*YOUR TASK:* After finding "ถังขยะในรถ ถังขยะติดรถ ถังขยะแขวนรถ" in a line below, print that line and the rest of the lines exactly, leaving out all pictures.

====== GIVEN DATA ======

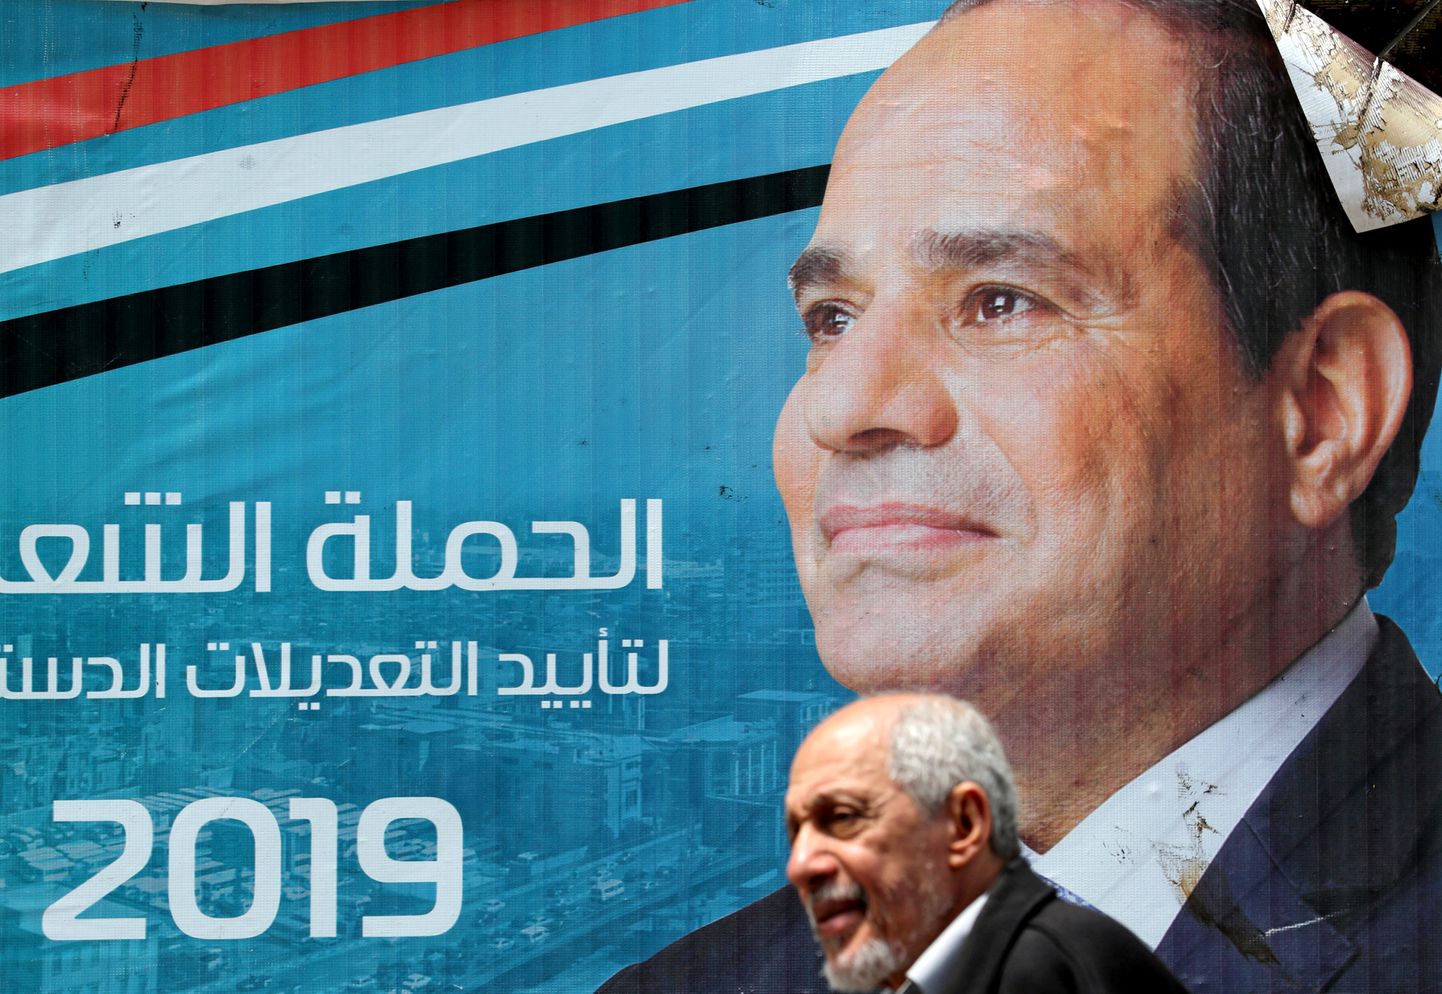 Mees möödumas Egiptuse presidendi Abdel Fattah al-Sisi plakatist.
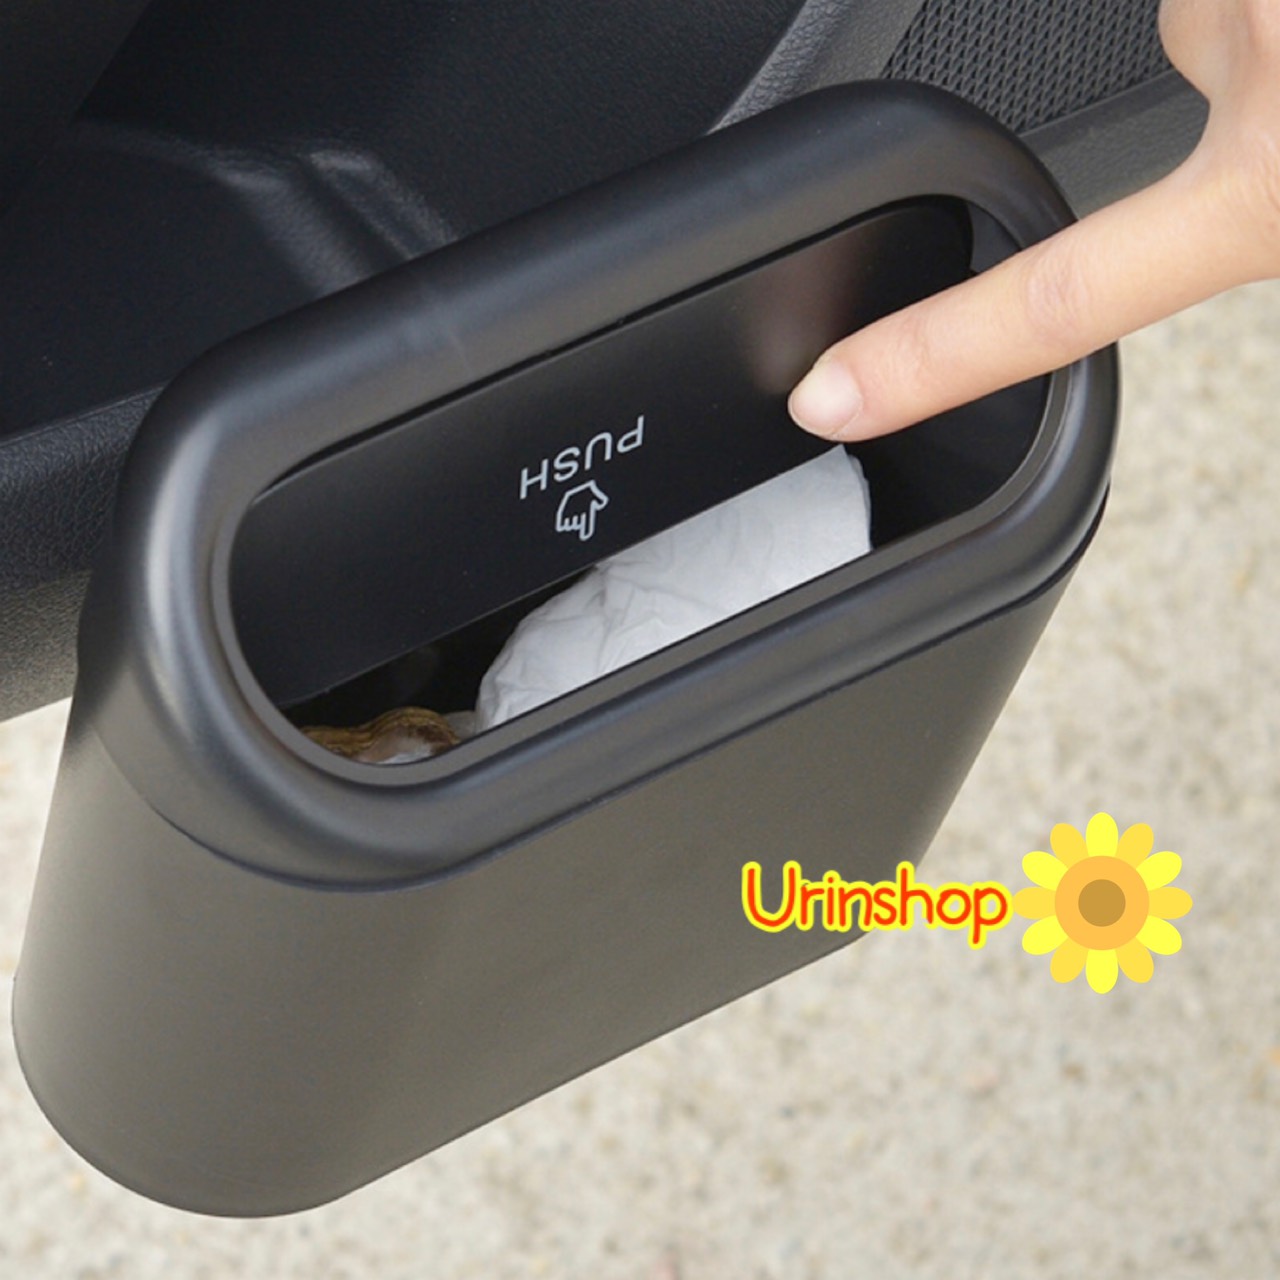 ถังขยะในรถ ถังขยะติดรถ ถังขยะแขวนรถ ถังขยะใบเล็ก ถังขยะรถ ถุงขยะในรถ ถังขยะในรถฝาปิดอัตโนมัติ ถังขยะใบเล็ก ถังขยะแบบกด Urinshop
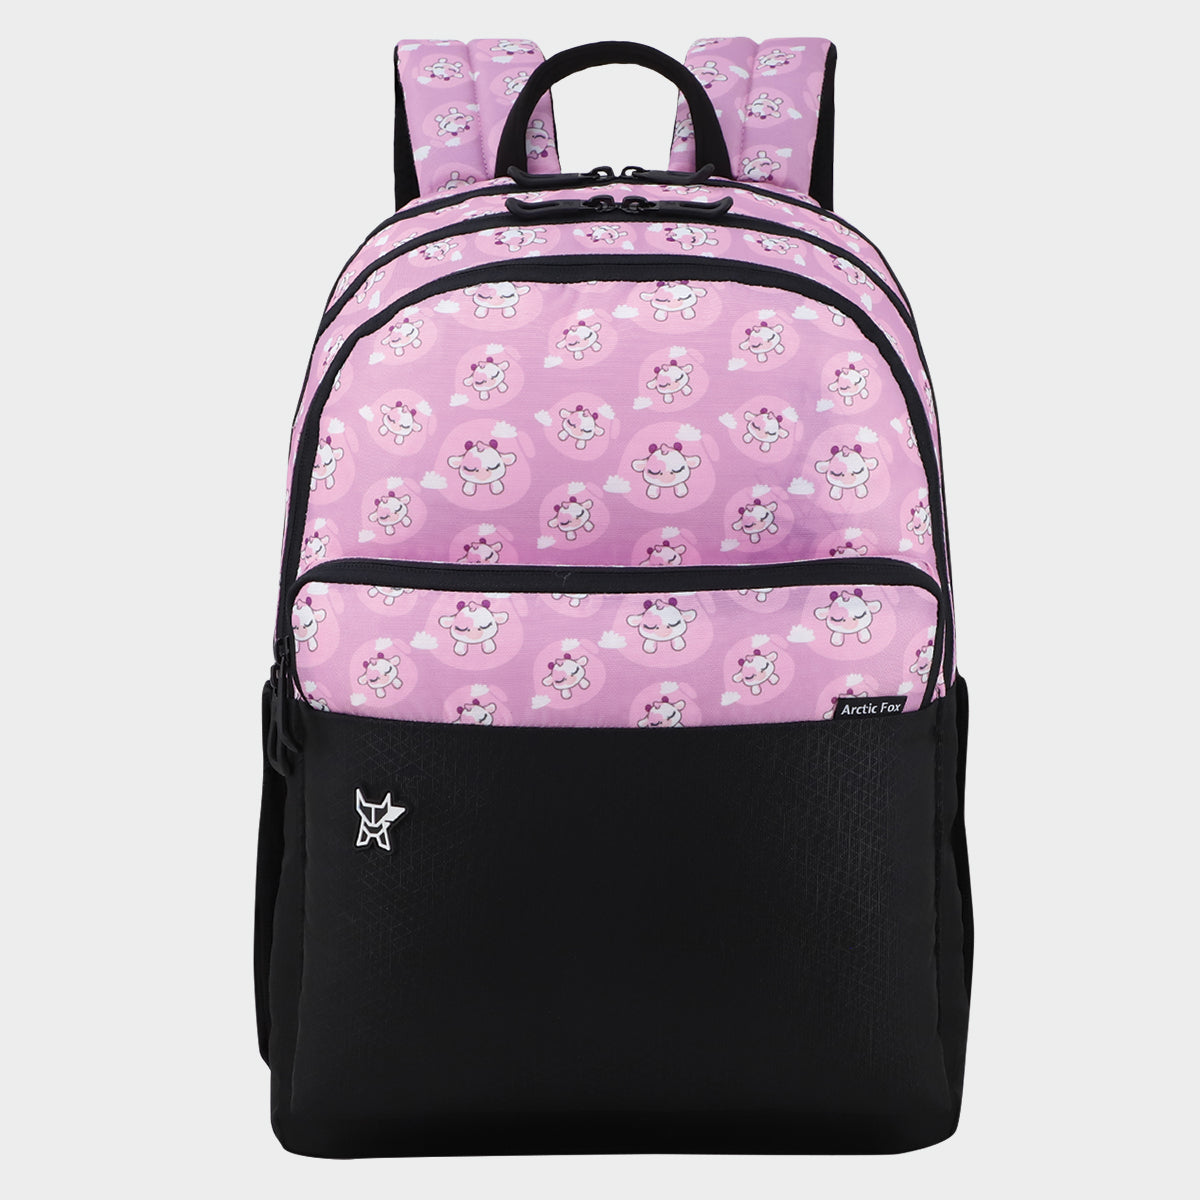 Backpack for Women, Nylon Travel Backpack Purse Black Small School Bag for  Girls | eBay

======

*WRITTEN RESPONSE:*
 ถังขยะในรถ ถังขยะติดรถ ถังขยะแขวนรถ ถังขยะใบเล็ก ถังขยะรถ ถุงขยะในรถ ถังขยะในรถฝาปิดอัตโนมัติ ถังขยะใบเล็ก ถังขยะแบบกด Urinshop
 Backpack for Women, Nylon Travel Backpack Purse Black Small School Bag for  Girls | eBay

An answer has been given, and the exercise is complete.